Hay una característica común para todos los productos icónicos de Coca-Cola: el color que los representa. Así como la bebida original está fuertemente relacionada con el rojo y Fanta apuesta por el naranja, Sprite se reconoce con el verde.

Desde su creación en 1961, ha mantenido su color. El verde es clásico y moderno, fresco y limpio a la vez. Nunca es agresivo ni aburrido, simplemente se ve refrescante, tal como Sprite.

El que esta marca se haya merecido un sitio entre las más reconocidas del planeta puede atribuirse en buena medida a la inconfundible personalidad que le da su botella verde. Su forma y sus inseparables hoyuelos la convierten en uno de los envases más llamativos y singulares del mercado. No en vano cuenta con miles de miles de fans en todo el mundo y continúa representando lo que los gurús del diseño llaman Brand Equity (capital de marca).

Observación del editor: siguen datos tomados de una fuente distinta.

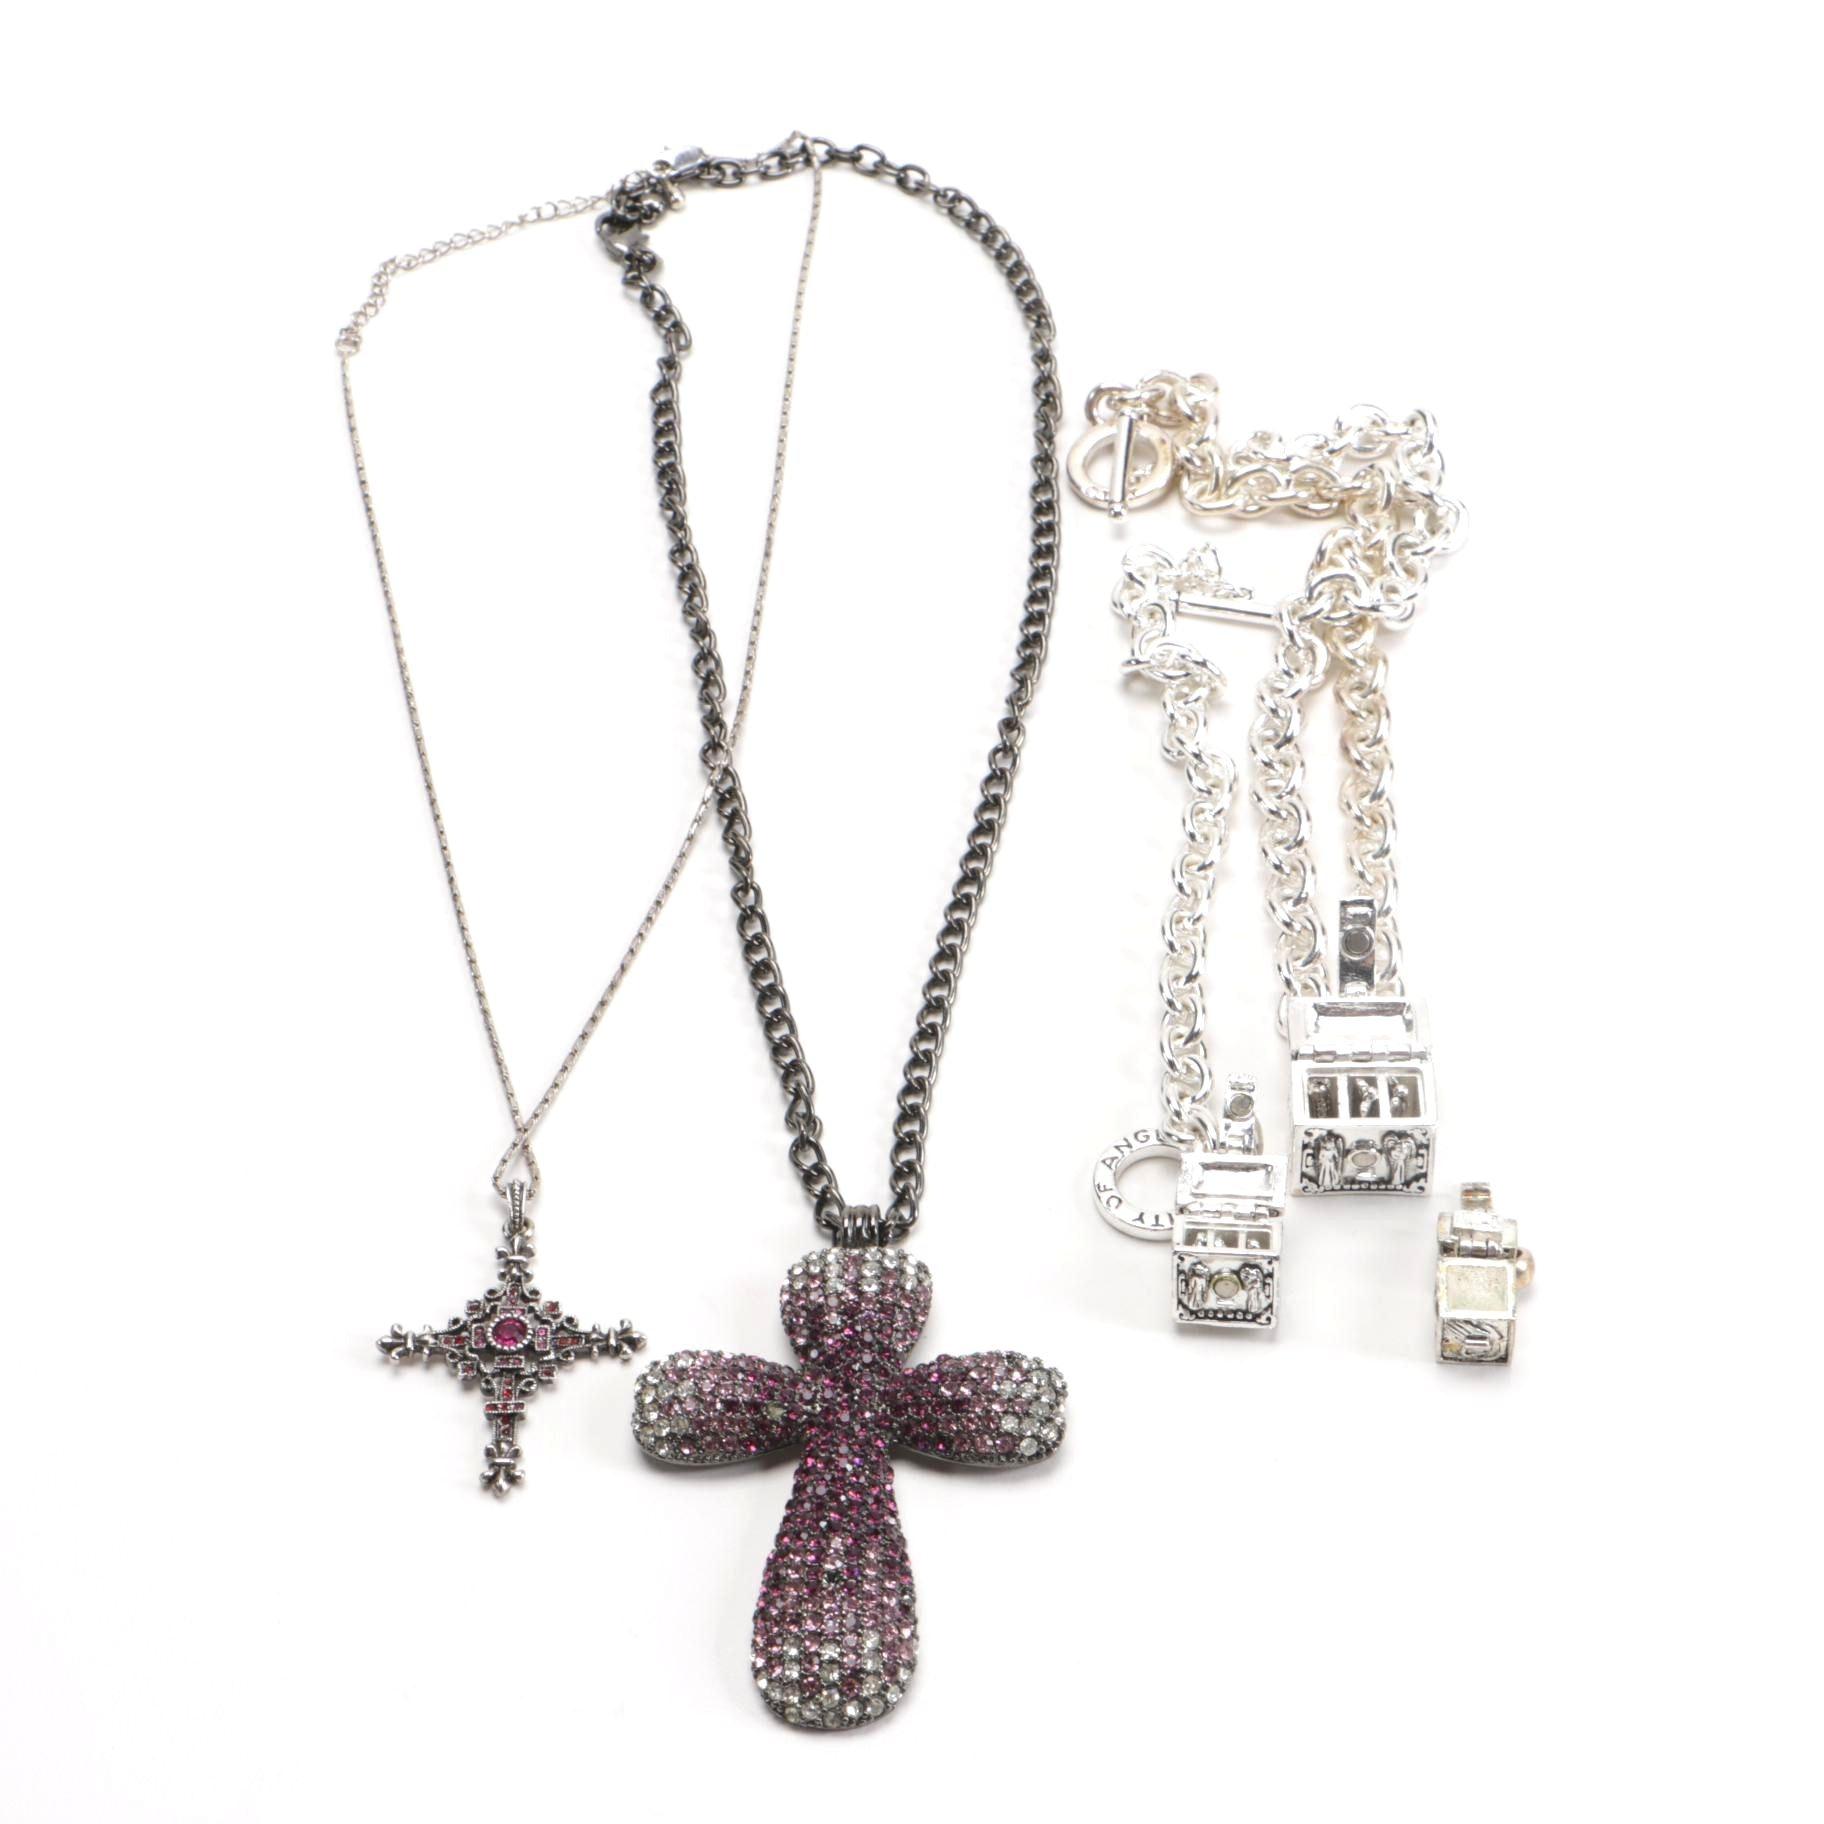 Religious-Inspired Costume Necklaces

Esta tonalidad también implica calidez. El Pantone Color Institute eligió el verde (más específicamente el Esmeralda 17-5641) como el color del año en 2013. “Es el tono más abundante en la naturaleza. El ojo humano ve más verde que cualquier otro color en la paleta cromática”, señala Leatrice Eiseman, directora ejecutiva de este organismo.

En la década del 60, ingenieros y diseñadores de The Coca-Cola Company realizaron una importante investigación antes de dar con los estándares de diseño de Sprite, a partir de los cuales se definió cómo serían los envases y la imagen de marca. Luego vendrían las etiquetas, los embalajes de cartón y la publicidad. Se barajaron decenas de diseños para la popular botella verde, que fue creada bajo los mismos estándares de calidad utilizados para elaborar la icónica botella Contour de Coca-Cola.

En 1967, mientras Sprite ganaba terreno en el mercado y llegaba al 85% de la población de Estados Unidos y a otros 38 países, se contrató a una agencia de Nueva York para su diseño y relanzamiento. ¿El objetivo?: comunicar la frescura de la bebida y ayudarle a sobresalir entre las demás.

El nuevo envase desembarcó en el mercado al año siguiente. La revista The Coca-Cola Bottler lo describió como “el resultado de contrastar diferentes tonos de verde” y predijo que la nueva apariencia “sacaría a Sprite de entre la multitud como nunca antes había ocurrido”. Y no se equivocó.